- _Problem statement_
What does the data read, word for word, from the line containing "Welche Art von" through its final line? Give those lines only.
##### Materials provided #####
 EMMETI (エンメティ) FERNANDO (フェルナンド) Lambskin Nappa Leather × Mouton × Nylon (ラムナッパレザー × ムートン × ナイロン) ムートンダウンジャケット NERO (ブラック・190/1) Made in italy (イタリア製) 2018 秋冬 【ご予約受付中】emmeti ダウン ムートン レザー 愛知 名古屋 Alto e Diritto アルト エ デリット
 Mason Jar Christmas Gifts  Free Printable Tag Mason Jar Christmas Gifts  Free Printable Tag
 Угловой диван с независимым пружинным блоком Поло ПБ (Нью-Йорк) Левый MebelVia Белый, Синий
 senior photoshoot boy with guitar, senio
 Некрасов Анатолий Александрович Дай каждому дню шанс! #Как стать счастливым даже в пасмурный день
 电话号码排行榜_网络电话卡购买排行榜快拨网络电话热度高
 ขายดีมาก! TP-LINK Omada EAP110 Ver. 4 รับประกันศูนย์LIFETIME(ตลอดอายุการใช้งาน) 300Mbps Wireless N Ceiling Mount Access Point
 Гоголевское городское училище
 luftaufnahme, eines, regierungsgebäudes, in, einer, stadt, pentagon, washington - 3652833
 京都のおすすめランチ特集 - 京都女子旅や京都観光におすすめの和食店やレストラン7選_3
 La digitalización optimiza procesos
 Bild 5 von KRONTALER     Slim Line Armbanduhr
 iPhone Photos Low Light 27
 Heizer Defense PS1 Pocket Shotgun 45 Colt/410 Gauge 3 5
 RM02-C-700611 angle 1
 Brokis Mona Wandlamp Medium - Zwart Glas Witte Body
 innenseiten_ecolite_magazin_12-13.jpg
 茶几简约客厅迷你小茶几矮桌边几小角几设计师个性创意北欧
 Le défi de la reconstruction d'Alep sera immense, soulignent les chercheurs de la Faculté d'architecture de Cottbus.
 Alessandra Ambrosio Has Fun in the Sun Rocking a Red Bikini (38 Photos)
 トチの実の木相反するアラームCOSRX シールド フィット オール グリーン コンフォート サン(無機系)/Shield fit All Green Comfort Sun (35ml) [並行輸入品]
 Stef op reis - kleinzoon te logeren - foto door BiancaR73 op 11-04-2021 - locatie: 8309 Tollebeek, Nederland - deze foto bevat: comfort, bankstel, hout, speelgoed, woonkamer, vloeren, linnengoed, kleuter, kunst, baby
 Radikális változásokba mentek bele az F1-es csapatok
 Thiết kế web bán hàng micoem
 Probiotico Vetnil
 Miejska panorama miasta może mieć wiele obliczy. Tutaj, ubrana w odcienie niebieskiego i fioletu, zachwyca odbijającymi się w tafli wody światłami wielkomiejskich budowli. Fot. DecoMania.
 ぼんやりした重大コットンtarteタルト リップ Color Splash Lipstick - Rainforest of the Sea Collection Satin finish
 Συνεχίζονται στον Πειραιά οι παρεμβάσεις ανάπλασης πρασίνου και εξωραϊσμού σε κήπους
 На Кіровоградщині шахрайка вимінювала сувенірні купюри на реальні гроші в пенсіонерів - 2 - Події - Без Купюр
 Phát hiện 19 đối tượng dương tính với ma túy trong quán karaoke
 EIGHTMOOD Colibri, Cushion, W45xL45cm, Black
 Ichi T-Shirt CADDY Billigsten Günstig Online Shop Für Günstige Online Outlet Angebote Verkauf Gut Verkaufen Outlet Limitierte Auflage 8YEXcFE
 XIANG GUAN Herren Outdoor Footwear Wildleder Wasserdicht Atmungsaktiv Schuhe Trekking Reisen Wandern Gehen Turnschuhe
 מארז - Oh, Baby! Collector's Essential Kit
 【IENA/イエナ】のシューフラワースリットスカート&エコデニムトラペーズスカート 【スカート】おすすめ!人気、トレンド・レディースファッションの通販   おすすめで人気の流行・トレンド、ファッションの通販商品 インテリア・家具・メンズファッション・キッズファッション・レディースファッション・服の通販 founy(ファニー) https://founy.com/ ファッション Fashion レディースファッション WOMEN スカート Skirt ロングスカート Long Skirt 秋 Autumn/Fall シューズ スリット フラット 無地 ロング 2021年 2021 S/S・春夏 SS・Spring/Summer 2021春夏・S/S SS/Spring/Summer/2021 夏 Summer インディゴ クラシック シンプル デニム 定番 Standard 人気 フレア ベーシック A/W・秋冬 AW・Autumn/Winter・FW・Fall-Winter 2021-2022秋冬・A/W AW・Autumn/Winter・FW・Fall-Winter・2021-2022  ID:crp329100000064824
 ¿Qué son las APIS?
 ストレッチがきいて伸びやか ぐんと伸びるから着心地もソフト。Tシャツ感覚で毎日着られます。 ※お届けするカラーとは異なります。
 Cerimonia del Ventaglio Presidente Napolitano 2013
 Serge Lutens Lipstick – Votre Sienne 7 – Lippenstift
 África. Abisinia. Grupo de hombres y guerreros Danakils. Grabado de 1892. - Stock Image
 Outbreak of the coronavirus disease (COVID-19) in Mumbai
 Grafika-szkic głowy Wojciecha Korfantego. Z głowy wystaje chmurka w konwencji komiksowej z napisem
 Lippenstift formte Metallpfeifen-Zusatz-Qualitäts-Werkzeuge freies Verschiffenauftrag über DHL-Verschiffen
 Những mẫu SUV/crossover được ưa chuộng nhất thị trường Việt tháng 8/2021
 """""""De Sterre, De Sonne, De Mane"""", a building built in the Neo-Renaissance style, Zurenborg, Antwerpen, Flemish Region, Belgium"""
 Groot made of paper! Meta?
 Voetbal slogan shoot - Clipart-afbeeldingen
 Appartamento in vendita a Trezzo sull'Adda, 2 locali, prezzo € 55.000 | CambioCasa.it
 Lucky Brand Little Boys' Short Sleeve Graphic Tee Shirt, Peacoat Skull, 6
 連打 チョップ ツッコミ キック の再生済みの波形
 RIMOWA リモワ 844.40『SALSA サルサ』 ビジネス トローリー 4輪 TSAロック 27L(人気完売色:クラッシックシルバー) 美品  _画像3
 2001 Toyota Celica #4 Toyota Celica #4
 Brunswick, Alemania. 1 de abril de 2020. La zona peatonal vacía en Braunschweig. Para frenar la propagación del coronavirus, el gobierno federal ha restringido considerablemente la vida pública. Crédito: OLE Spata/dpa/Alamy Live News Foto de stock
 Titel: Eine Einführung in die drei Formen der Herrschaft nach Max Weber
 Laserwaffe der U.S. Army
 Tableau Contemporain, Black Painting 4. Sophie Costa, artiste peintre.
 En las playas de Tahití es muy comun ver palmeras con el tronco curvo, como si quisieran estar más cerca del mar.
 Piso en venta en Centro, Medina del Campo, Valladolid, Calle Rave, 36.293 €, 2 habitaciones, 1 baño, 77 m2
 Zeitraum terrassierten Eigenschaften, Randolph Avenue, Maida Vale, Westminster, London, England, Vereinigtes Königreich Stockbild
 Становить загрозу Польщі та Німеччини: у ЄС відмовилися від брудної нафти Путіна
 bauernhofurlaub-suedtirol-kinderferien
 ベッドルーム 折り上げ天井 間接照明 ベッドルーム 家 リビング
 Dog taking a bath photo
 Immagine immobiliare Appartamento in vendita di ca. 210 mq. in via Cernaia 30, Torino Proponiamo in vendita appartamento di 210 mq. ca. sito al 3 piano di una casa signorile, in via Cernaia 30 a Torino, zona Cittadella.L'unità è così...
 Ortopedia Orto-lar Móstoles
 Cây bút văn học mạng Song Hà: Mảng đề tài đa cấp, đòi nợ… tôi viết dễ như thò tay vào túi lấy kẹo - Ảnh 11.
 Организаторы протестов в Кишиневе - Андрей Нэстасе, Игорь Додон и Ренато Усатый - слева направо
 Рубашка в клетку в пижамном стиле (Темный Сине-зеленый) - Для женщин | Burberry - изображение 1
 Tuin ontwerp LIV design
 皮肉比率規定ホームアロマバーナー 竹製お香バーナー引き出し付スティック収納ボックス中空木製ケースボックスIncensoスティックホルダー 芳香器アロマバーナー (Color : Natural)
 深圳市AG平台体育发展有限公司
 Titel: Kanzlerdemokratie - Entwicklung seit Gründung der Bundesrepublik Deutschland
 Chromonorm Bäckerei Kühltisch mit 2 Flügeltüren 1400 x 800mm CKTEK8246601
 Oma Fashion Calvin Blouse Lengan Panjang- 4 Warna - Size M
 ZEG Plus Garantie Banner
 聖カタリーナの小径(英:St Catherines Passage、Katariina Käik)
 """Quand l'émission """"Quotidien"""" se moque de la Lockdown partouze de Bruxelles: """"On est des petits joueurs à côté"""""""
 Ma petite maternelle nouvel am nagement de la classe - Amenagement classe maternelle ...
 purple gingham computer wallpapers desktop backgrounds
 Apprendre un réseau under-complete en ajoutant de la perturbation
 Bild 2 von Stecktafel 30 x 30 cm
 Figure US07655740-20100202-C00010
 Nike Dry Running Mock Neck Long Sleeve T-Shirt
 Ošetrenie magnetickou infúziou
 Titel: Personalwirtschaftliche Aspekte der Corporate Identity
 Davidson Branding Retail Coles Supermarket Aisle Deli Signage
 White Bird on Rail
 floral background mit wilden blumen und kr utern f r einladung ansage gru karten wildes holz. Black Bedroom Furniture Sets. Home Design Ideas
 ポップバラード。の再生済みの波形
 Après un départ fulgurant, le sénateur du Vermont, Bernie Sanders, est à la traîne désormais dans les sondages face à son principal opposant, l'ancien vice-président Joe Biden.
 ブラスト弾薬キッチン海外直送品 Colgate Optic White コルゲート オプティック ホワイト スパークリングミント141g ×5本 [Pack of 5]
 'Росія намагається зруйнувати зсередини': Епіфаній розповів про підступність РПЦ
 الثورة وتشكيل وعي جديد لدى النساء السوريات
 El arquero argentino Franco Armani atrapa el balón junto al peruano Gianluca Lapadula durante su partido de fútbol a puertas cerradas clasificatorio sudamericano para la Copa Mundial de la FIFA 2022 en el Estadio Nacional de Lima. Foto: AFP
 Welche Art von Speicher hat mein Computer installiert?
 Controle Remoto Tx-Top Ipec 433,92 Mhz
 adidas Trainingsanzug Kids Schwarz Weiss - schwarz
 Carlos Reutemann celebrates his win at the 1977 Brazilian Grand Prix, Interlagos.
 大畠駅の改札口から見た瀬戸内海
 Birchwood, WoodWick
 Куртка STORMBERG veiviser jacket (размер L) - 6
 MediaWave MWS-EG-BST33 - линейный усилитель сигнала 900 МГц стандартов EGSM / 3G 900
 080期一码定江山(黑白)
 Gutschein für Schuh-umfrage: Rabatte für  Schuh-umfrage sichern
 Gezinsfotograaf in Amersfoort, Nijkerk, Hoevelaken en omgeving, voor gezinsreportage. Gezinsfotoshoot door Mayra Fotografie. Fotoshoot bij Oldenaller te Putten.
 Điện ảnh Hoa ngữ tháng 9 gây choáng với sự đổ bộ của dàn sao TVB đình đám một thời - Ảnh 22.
#####
- _Solution below_
 Welche Art von Speicher hat mein Computer installiert?
 Controle Remoto Tx-Top Ipec 433,92 Mhz
 adidas Trainingsanzug Kids Schwarz Weiss - schwarz
 Carlos Reutemann celebrates his win at the 1977 Brazilian Grand Prix, Interlagos.
 大畠駅の改札口から見た瀬戸内海
 Birchwood, WoodWick
 Куртка STORMBERG veiviser jacket (размер L) - 6
 MediaWave MWS-EG-BST33 - линейный усилитель сигнала 900 МГц стандартов EGSM / 3G 900
 080期一码定江山(黑白)
 Gutschein für Schuh-umfrage: Rabatte für  Schuh-umfrage sichern
 Gezinsfotograaf in Amersfoort, Nijkerk, Hoevelaken en omgeving, voor gezinsreportage. Gezinsfotoshoot door Mayra Fotografie. Fotoshoot bij Oldenaller te Putten.
 Điện ảnh Hoa ngữ tháng 9 gây choáng với sự đổ bộ của dàn sao TVB đình đám một thời - Ảnh 22.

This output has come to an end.